As for the reference parameter value transfer, it is similar to the above process, but the difference is that the caller first applies for memory and then passes it to the callee for copying.

Answer 3

Hello, your code runs as follows on my machine and there are no major problems.

For your second question about the address, see the picture below. I laughed....
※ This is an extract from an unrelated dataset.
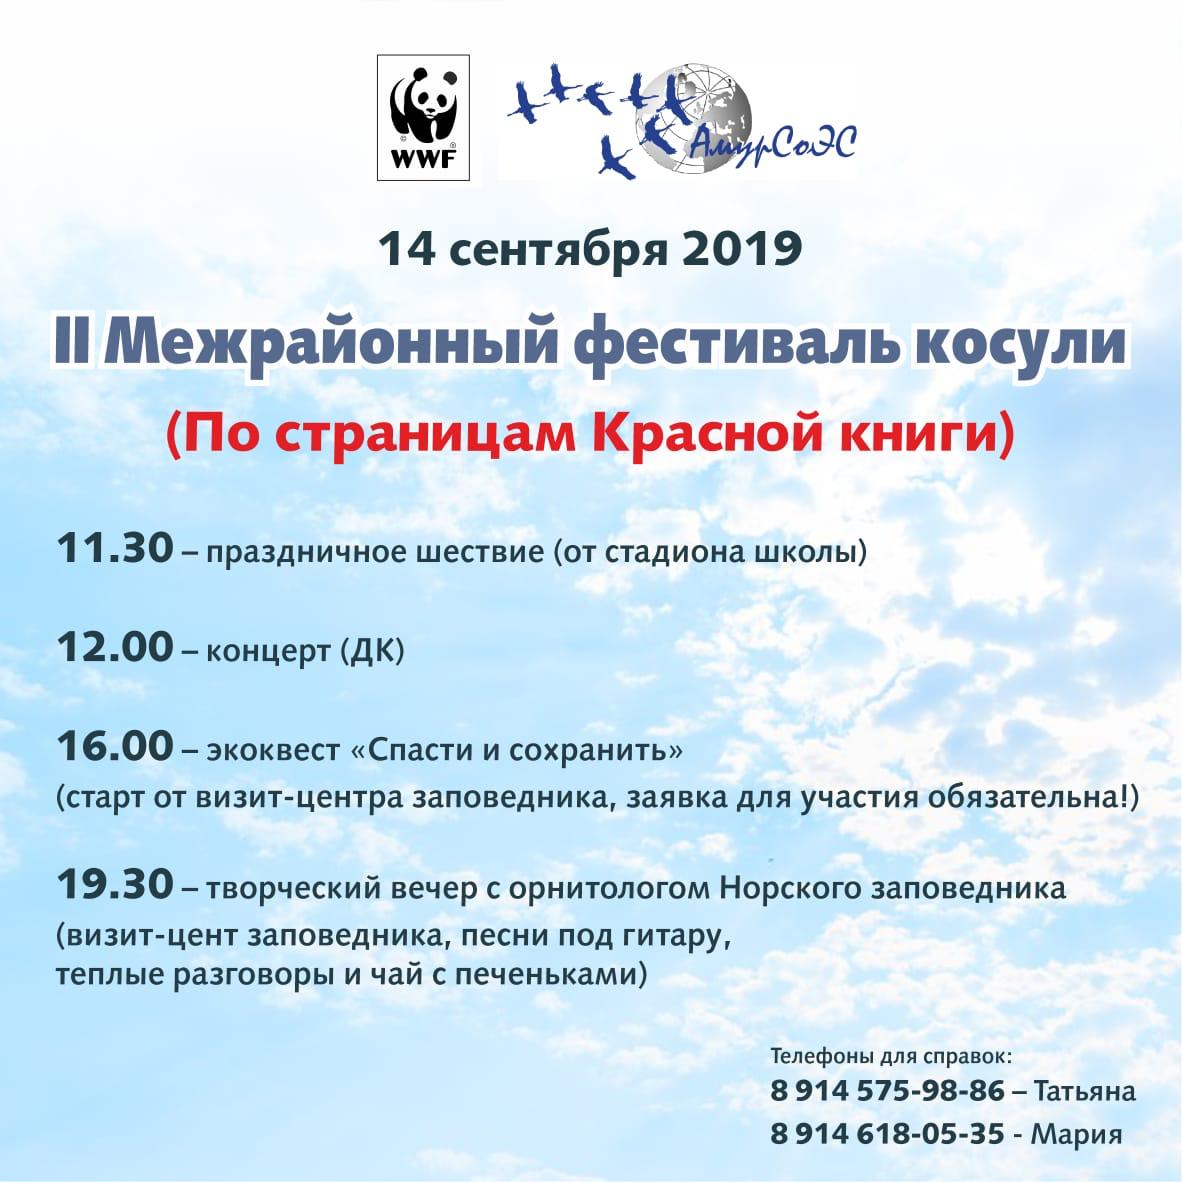 II Открытый межрайонный экологический фестиваль «День сибирской косули»

My compilation environment is mainly VC++, as follows

I used the Linux g++ compiler again to test your program.
One thing, there is a serious error in the coding style of the program. I corrected the irregularities and then compiled it successfully.
g++ xxxx.cpp
The result of running the program shows that the address is correct. The copy constructor is just not called. The specific reason is unknown.
Suggestion: Even if the program is small, please standardize the code format.

Answer 4

a.oneMore()The function returns an rvalue, you need to declare a copy constructor like this

    A(const A& x){
        printf("Copy!\n");
    }

Answer 5

In addition, I also discovered a strange feature, that is, I tried to print the address of this b in oneMore and main respectively:

    A oneMore(){
        A b("lisi");
        printf("%p\n", &b);
        return b;
    }

int main(int argc, char* argv[]) {
    A a("zhangsan");
    A b = a.oneMore();
    printf("%p\n", &b);


    printf("1314\n");
    return 0;
}

The result is that these two results are the same... that is to say, they actually point to the same memory:

/Users/zhangzhimin/Library/Caches/CLion2016.2/cmake/generated/geek-ef0ba4bc/ef0ba4bc/Debug/geek -wall
zhangsanchuangjianle
lisichuangjianle
0x7fff52bfd9a8
0x7fff52bfd9a8
1314
lisixiaohuile
zhangsanxiaohuile

Process finished with exit code 0

It stands to reason that all allocated stack space will be released after coming out of oneMore... I don’t understand - -, is it due to compiler optimization? The assignment initialization is skipped directly, and at the same time Without releasing the space pointing to b in oneMore, can we achieve the effect of initializing b in main?